I hear a lot of talk about the potential of AI and Sexbots. Just recently, Russia Today even ran an article on the topic.
What is actually the latest in technology in this realm?
In theory, we should be able to have some sort of virtual reality augment like Google Glasses and like voice AI where you could have a full on conversation with some unlocked ChatGPT AI while having sex with your doll or something. Your doll could be texting you whole you're at work and snapping you nudes and talking about how much it wants you to fuck her etc... Then the doll AI could even describe how hot it was when you were fucking her with like sensors or some shit.
Anyone actually know what the pinnacle of this tech is at the moment?
Edit - Asking for a friend, obviously...
What are local LLMs and how does someone get one that works?
Local LLMs are Language models that run locally on your graphics card or cpu.
There are three parts to a running an LLM Model, Backend and Front End.
Model determines behavior. This is the part that could be censored or not, or will steer themselves away from certain topics. This is also where you have size and quantization. Size is the number of nodes, and Quantization determines the size of the node.
13B and 33B are the sweet spot for size and 4bit is the sweet spot for quantization right now. Smaller is faster dumber and easier to run. There is also context size but that's changing rapidly right now. Context size determines how long a passage of text it can process, and consequently how long it's memory is in conversation mode.
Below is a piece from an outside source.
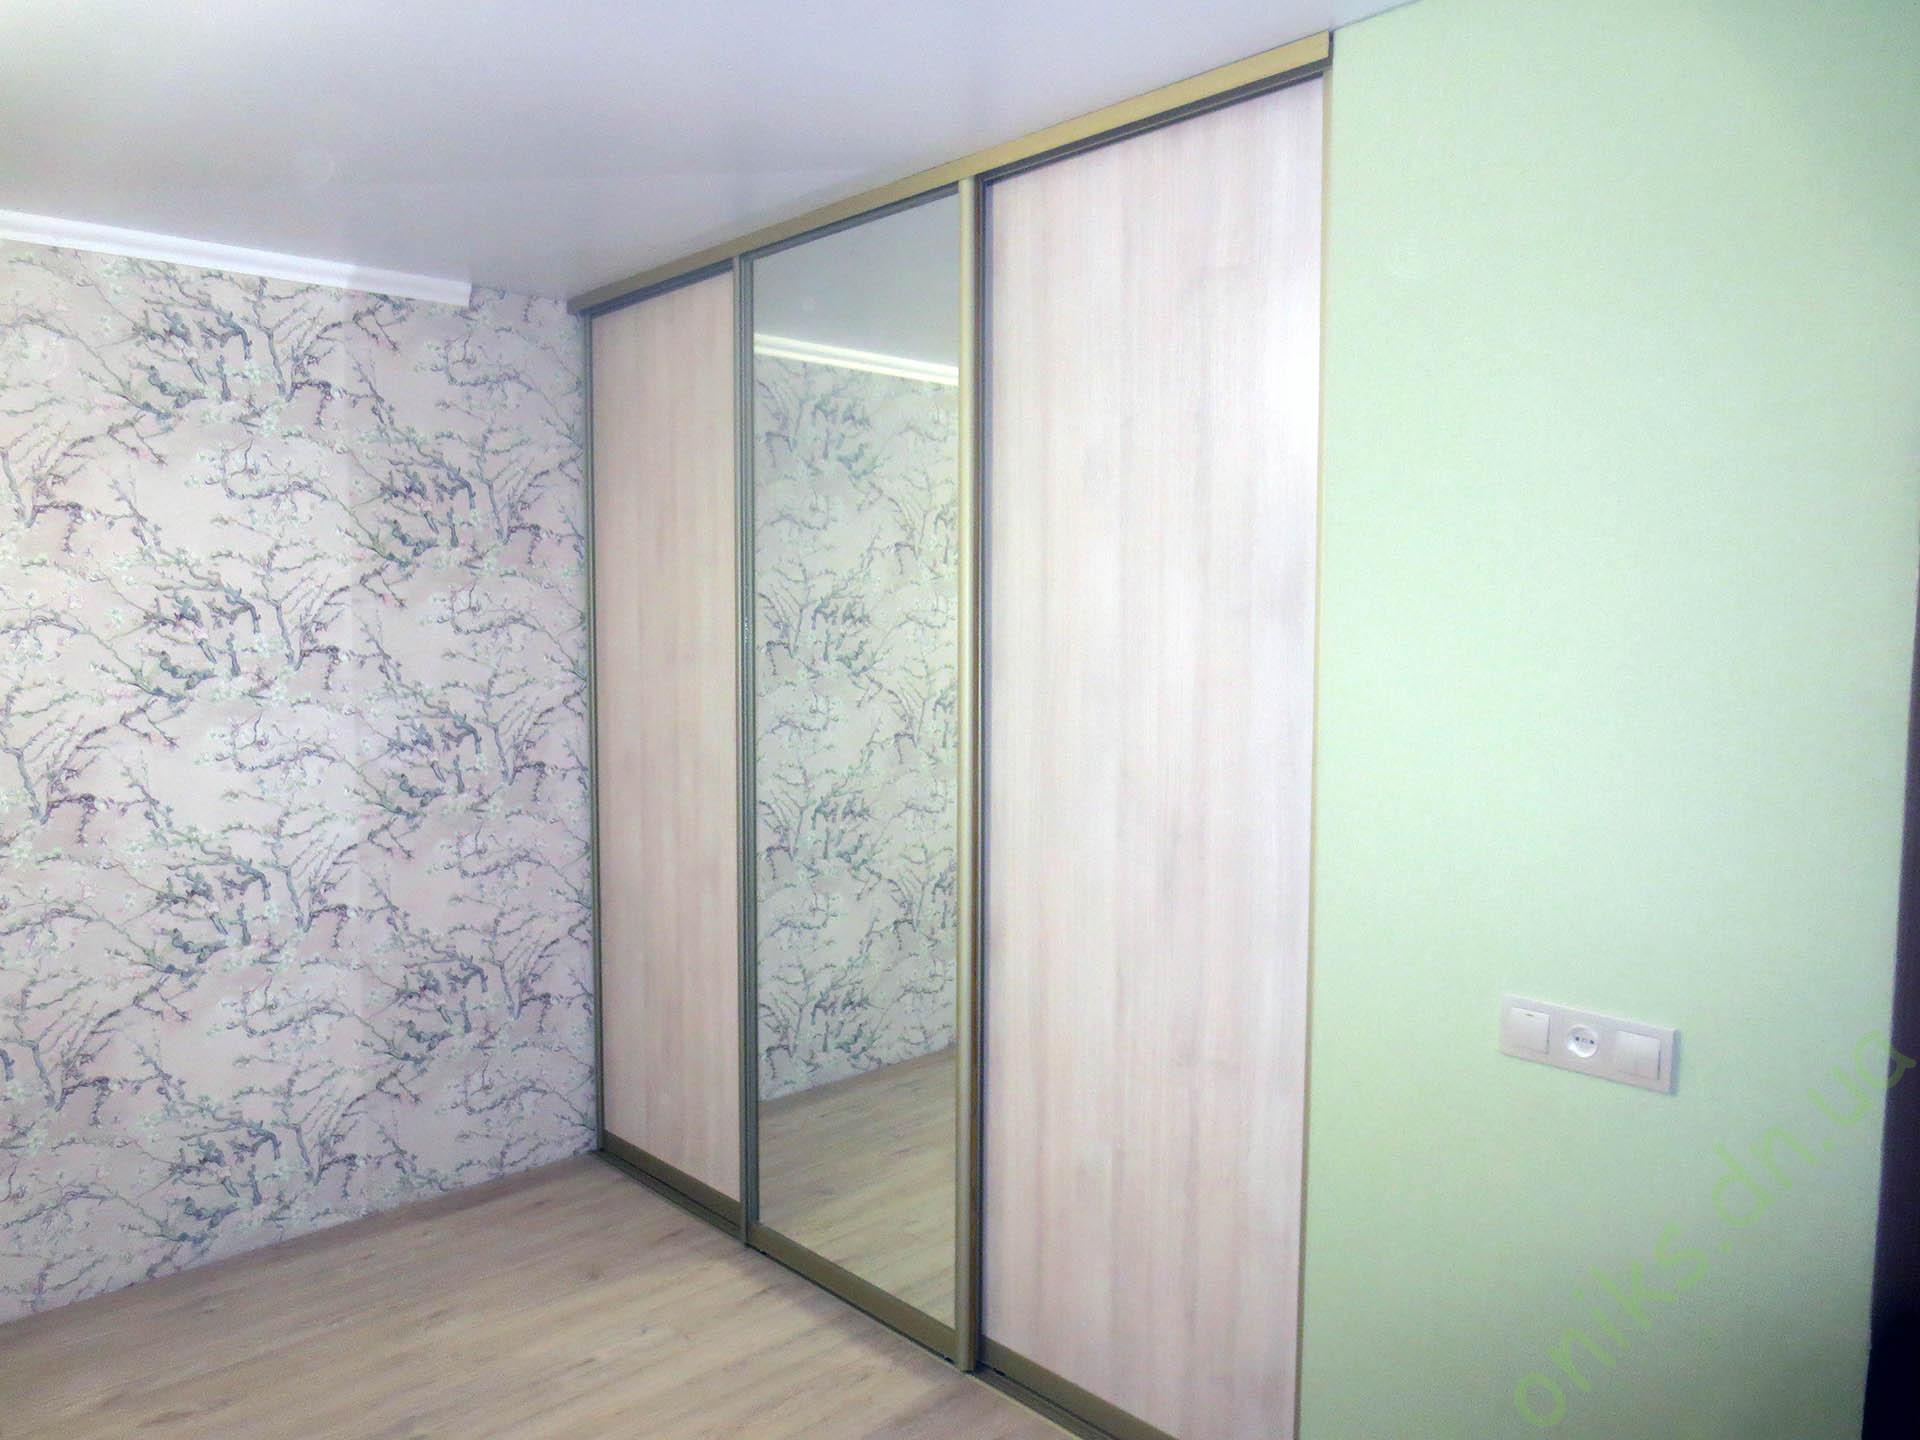 Купить шкаф для гардеробной с раздвижными дверями в Донецке

Backend determines how the model is run. The model either needs to be loaded onto your GPUs VRAM to run on your graphics card, or into your ram .
Oobabooga is a popular backend for running on GPU, and Llama.cpp and Kobold.cpp are backends that run on cpu.
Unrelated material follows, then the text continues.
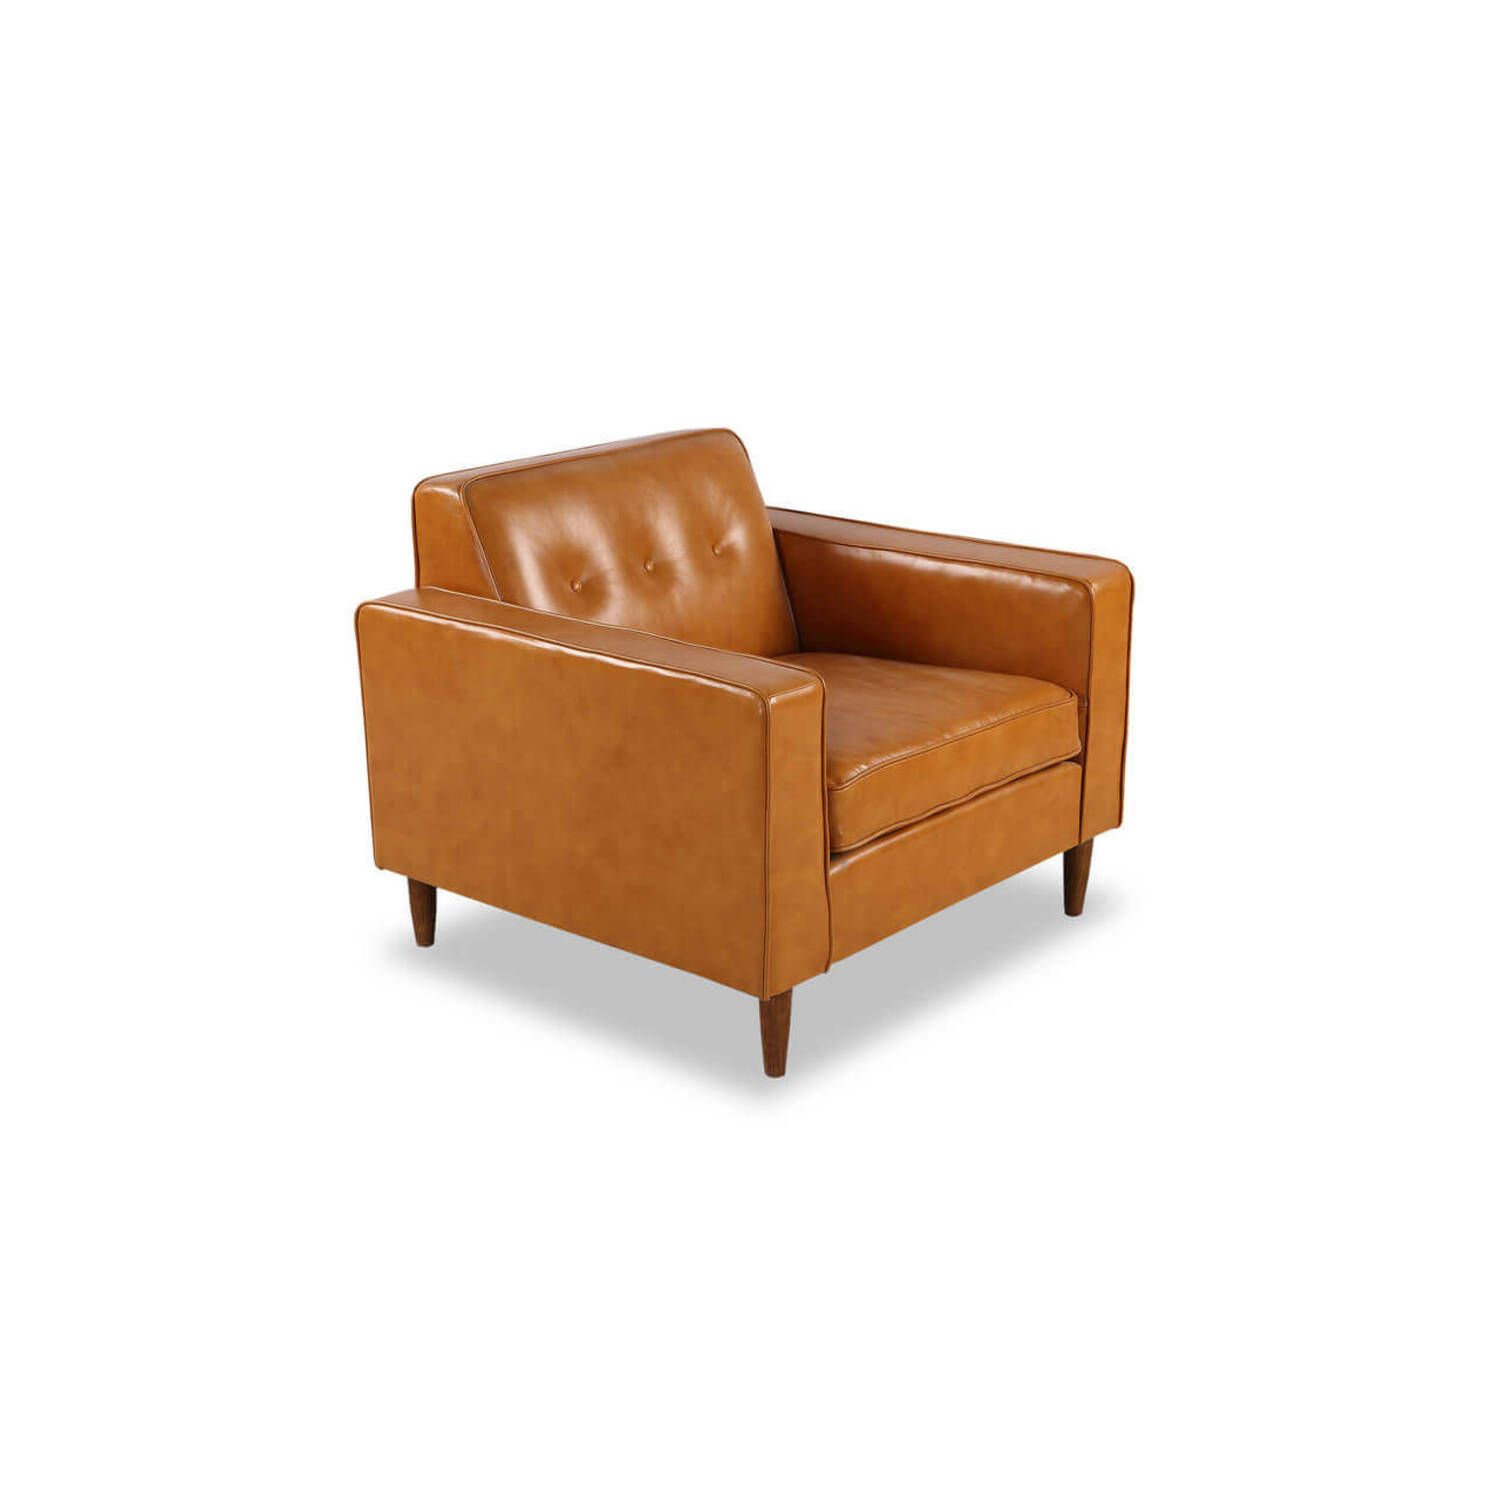 Кресло Eleanor, оранжевое кожаное

Of course GPU runs much faster but it's far easier to expand your system Ram to the 64 or 128 GB you'll need for the big models than it is to get that much VRAM.
Koboldcpp and Llamacpp both have GPU offload modes that use both, which will speed you up a bit over running on cpu.
For front ends, both kobold and ooba have built in front ends, but there are dedicated front ends like silly tavern that make interacting with it more like a chat app.
So that was the short version. The technology all exists and is pretty good, but it's a pain to set up. I must emphasize that this is all private, uncensored and you are completely in control of it's behavior. Many people create models by taking existing models and fine tuning them by adding specific training data. This can be done very cheaply and quickly, unlike the original models which cost thousands of dollars to create.
This is why so much of the ecosystem is based around Llama, Facebook's model. It was the first model to be leaked in a format that allowed for open source models to be built off it.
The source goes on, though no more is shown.